At first reluctant to accept the case, Rae notices a ladies antique secretary desk in the corner, likely from the 1800s. She liked it so much that she accepted the case in exchange for the desk. Rae had no idea what she was signing up for!

Okay, let me talk about the elephant in the book: genealogy. Unless you are really into exploring your roots, most folks would probably consider genealogy boring. Those same folks would definitely consider a book about genealogy just as boring. But boy, would they be missing out!

I went into this book “like most folks” (see above). The only thing that caught my interest was that the Mary Rogers mystery inspired Poe. I suppose I wanted to know why. But Poe wrote his story only a few years after Mary disappeared in 1841. This story takes place over 175 years after that!

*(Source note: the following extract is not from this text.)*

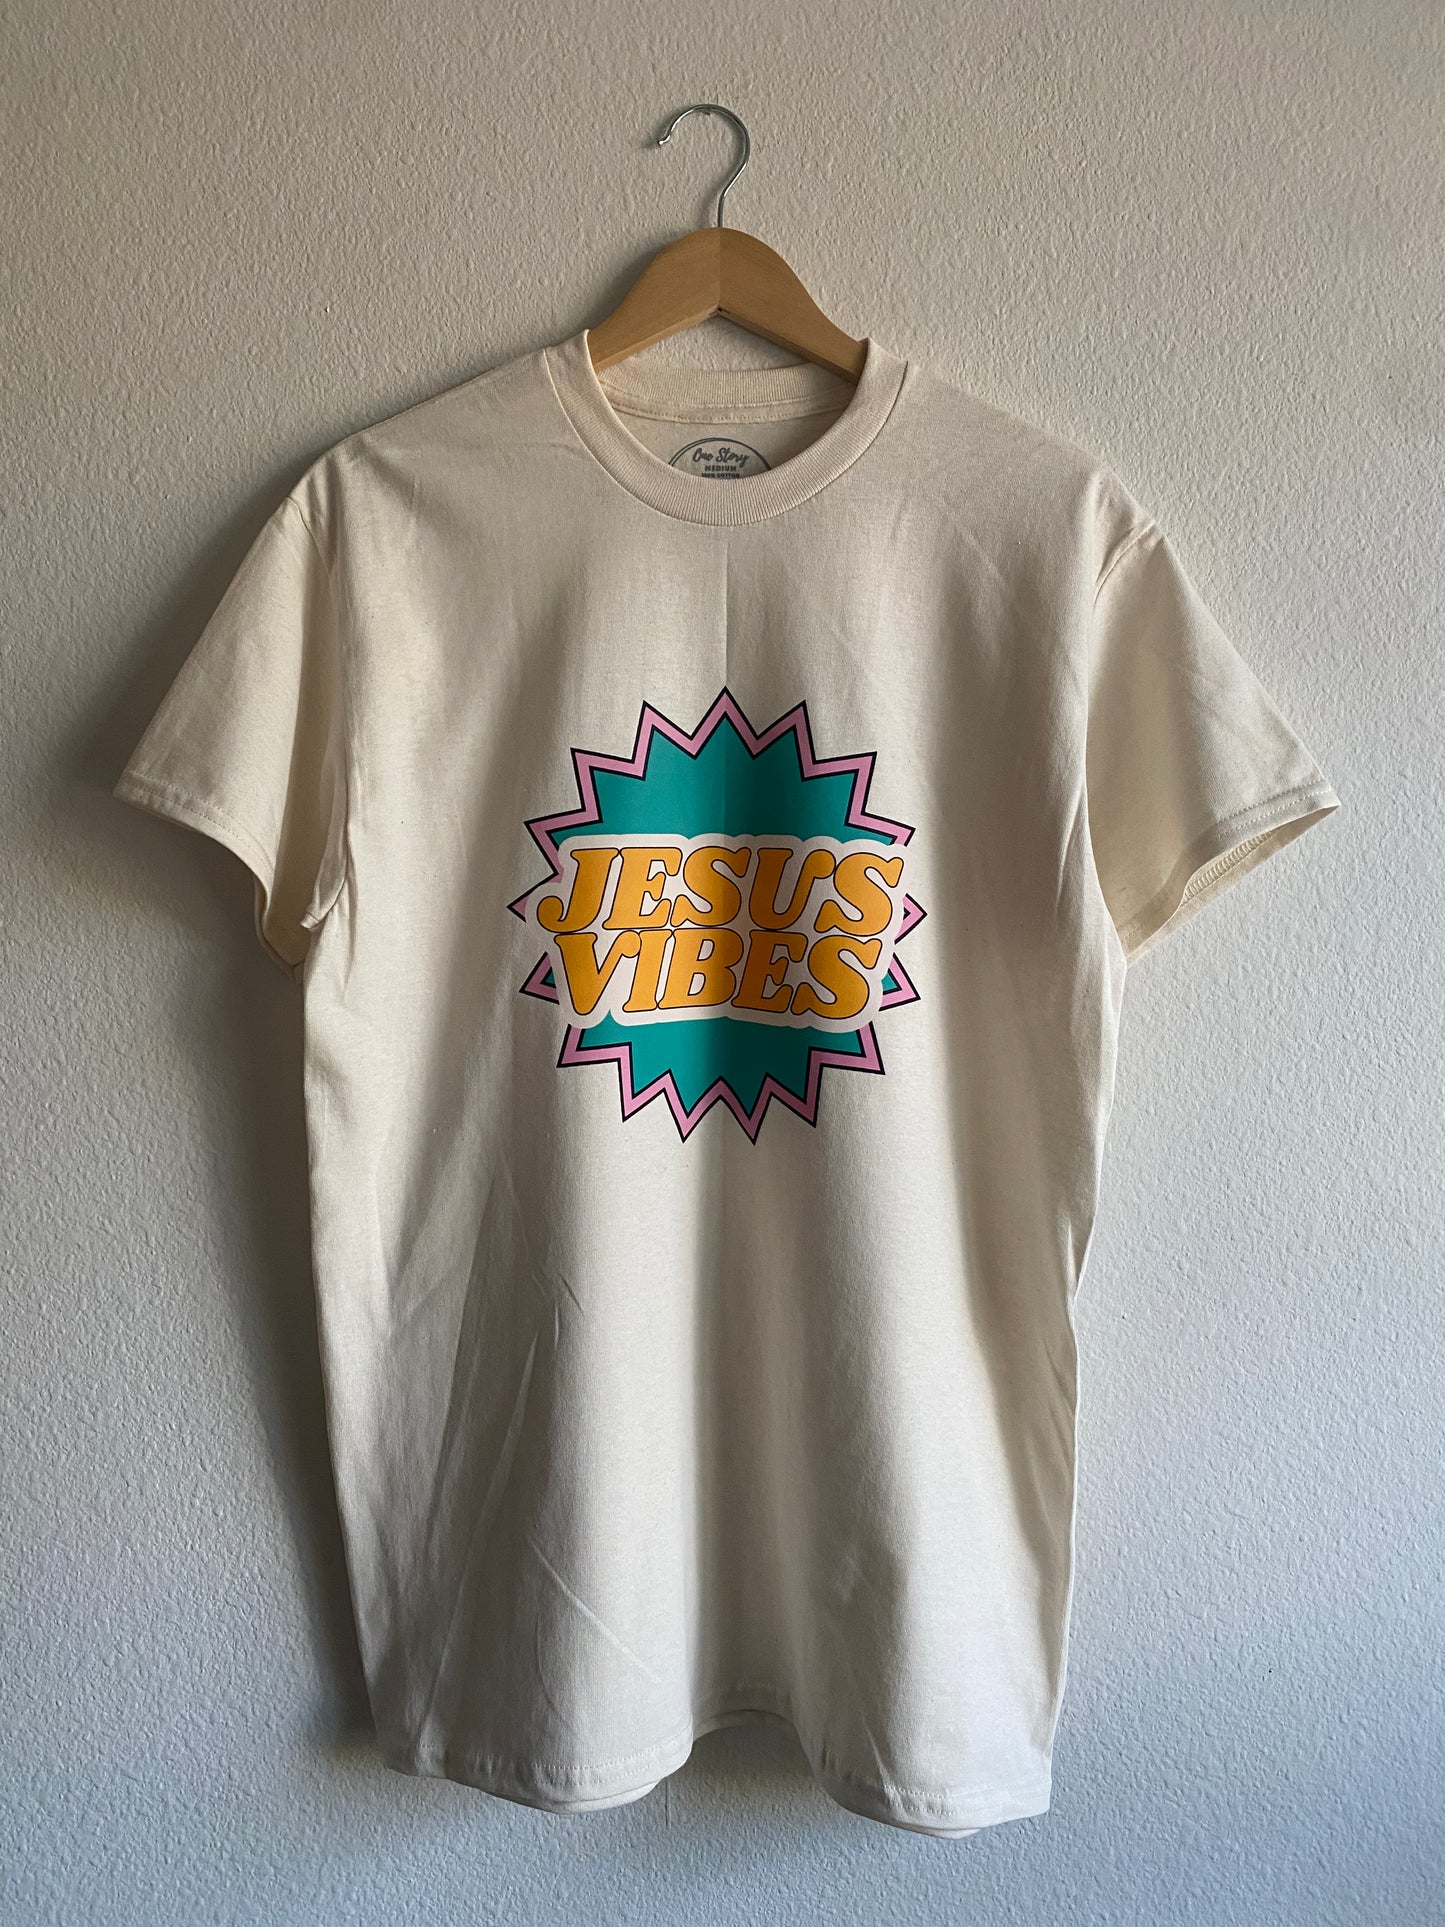 Jesus Vibes Pow Tee - Toddler/Youth

“The past had a way of seeping up through the soil.”

The beginning of this book did not impress nor excite me. However, little did I realize that author ML Condike was shrewdly drawing me in. Why did the first genealogist the university hired up and quit shortly after starting? Was Rae being followed or was it her imagination? Why do the stakes seem so high?

I’m not going to spoil it for you. To answer those questions, you have to read the book. But I’ll warn you – if you read this one, you’ll likely read the next one in this new series as well! I know I will.

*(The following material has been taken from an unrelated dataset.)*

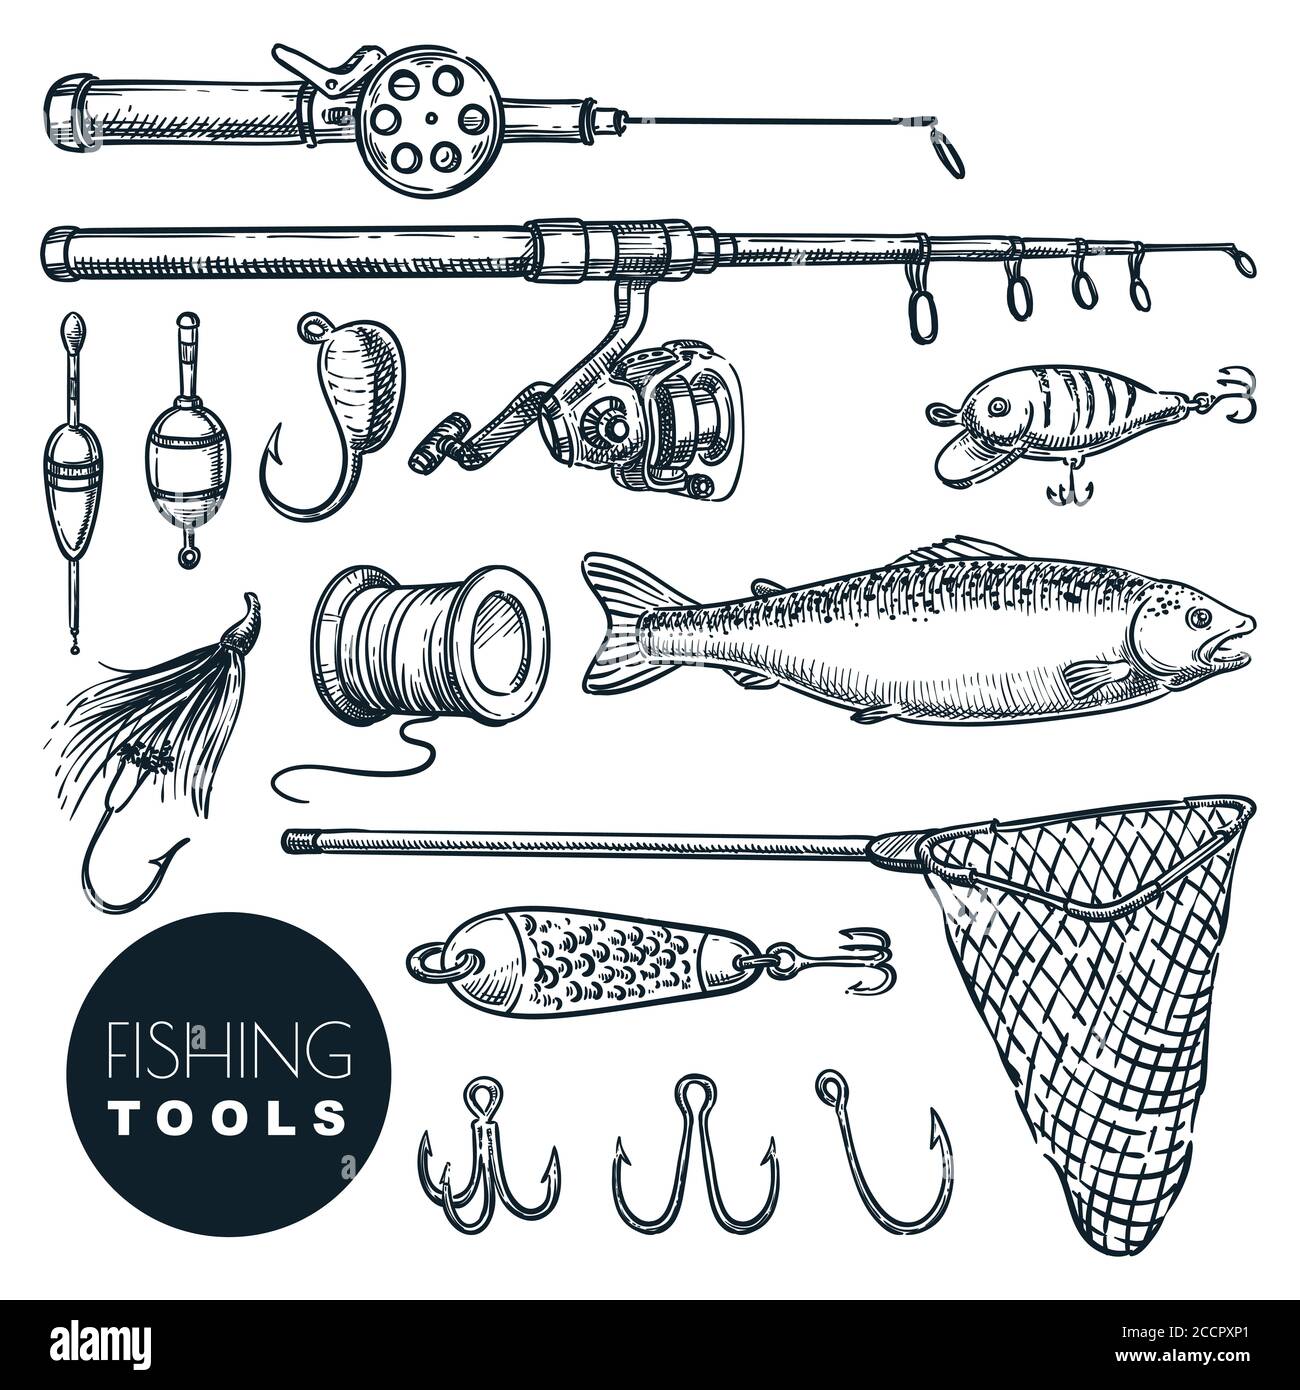 https://c8.alamy.com/comp/2CCPXP1/fishing-equipment-isolated-on-white-background-vector-hand-drawn-sketch-illustration-rod-bait-hook-salmon-fish-tackle-icon-set-2CCPXP1.jpg

Technically, the book is top notch. It is quite well edited. I found absolutely no errors (except for a teeny-tiny one in the Acknowledgments). The pacing is a wee bit slow in the beginning, but once the author puts the story in gear, hang on! I definitely had a hard time putting this one down.

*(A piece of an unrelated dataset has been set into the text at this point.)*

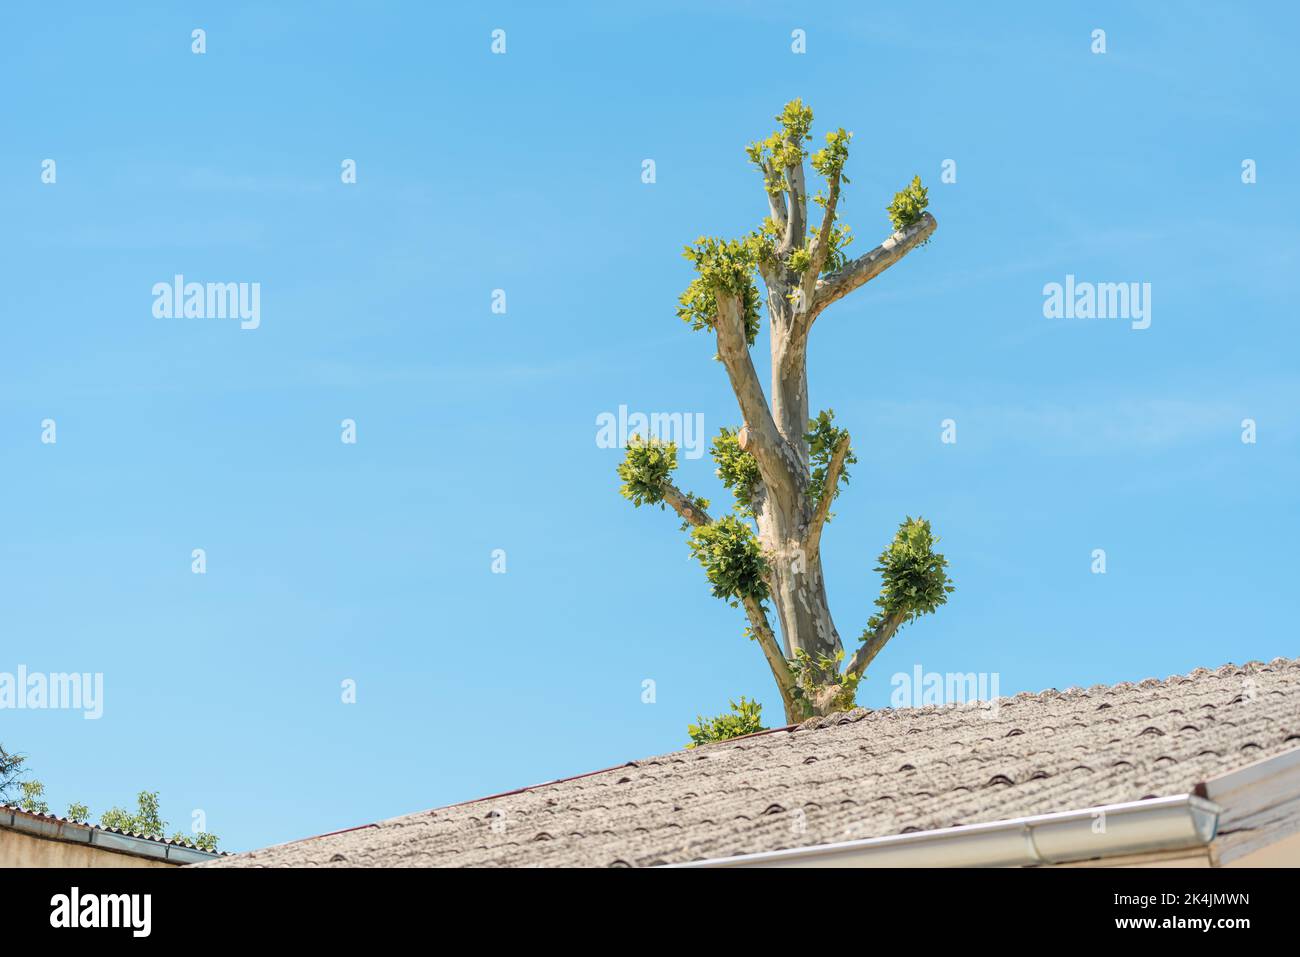 Tree topping, small branches with green leaves growing at treetop after severe pruning against blue sky Stock Photo

The description is also well done. There are a number of antiques, so the description helped my visuals quite a bit. For example, rather than just saying a pile of diaries fell onto a chair, the author wrote, “A second pile of diaries spilled over the seat of a spiral-twist-legged, Elizabethan-style chaise upholstered in Loro Piana linen.”

One other thing I wanted to mention is that the genealogy data has a lot of moving parts, so to speak. There are many, many names and relations. I heard there was a family tree available on the author’s website to help with that, but I was afraid it might contain a spoiler or two, so I avoided it. But if you think it would be helpful, go for it.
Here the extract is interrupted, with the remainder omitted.